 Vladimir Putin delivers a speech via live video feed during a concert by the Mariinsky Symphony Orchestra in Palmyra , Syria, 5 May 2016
==
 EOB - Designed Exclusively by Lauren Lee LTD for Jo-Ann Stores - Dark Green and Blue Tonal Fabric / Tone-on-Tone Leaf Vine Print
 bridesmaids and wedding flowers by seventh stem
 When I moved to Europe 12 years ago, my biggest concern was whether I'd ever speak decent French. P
...
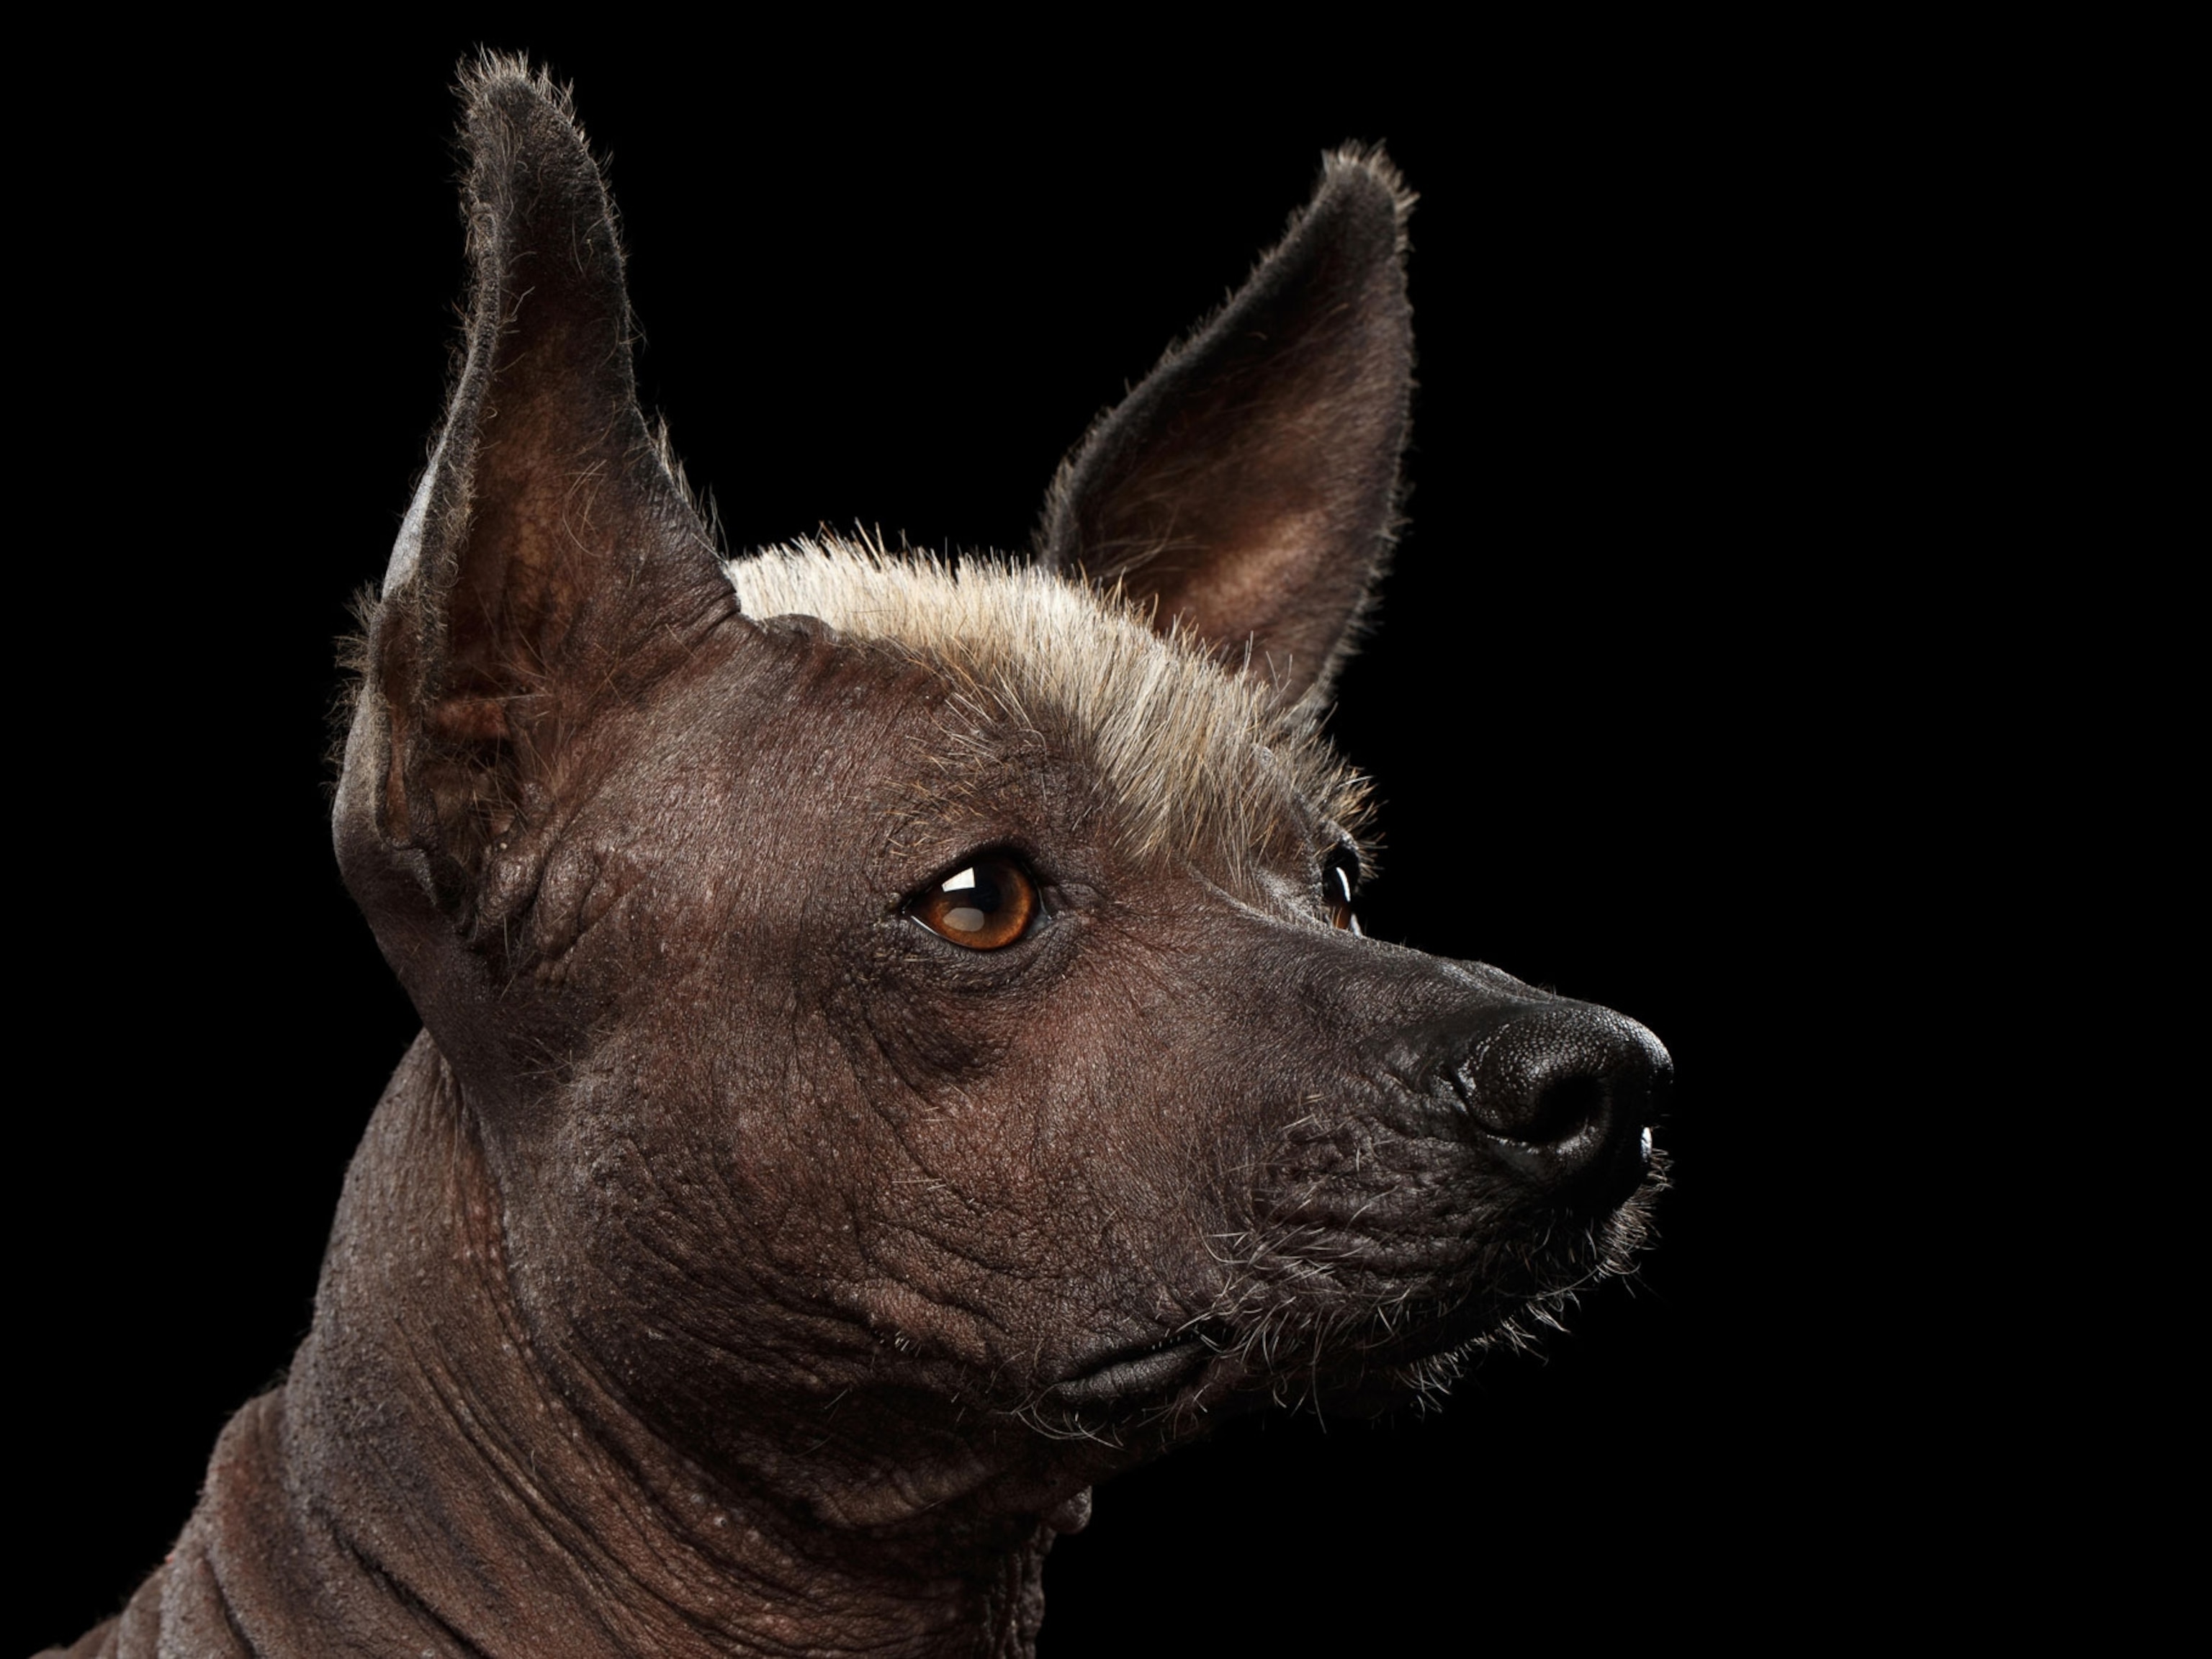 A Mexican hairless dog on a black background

[What needs to be done] Set down, exactly as they stand above, the lines starting with the line with "bridesmaids and wedding" and going on through the line with "When I moved", and no others.

[Your response]
 bridesmaids and wedding flowers by seventh stem
 When I moved to Europe 12 years ago, my biggest concern was whether I'd ever speak decent French. P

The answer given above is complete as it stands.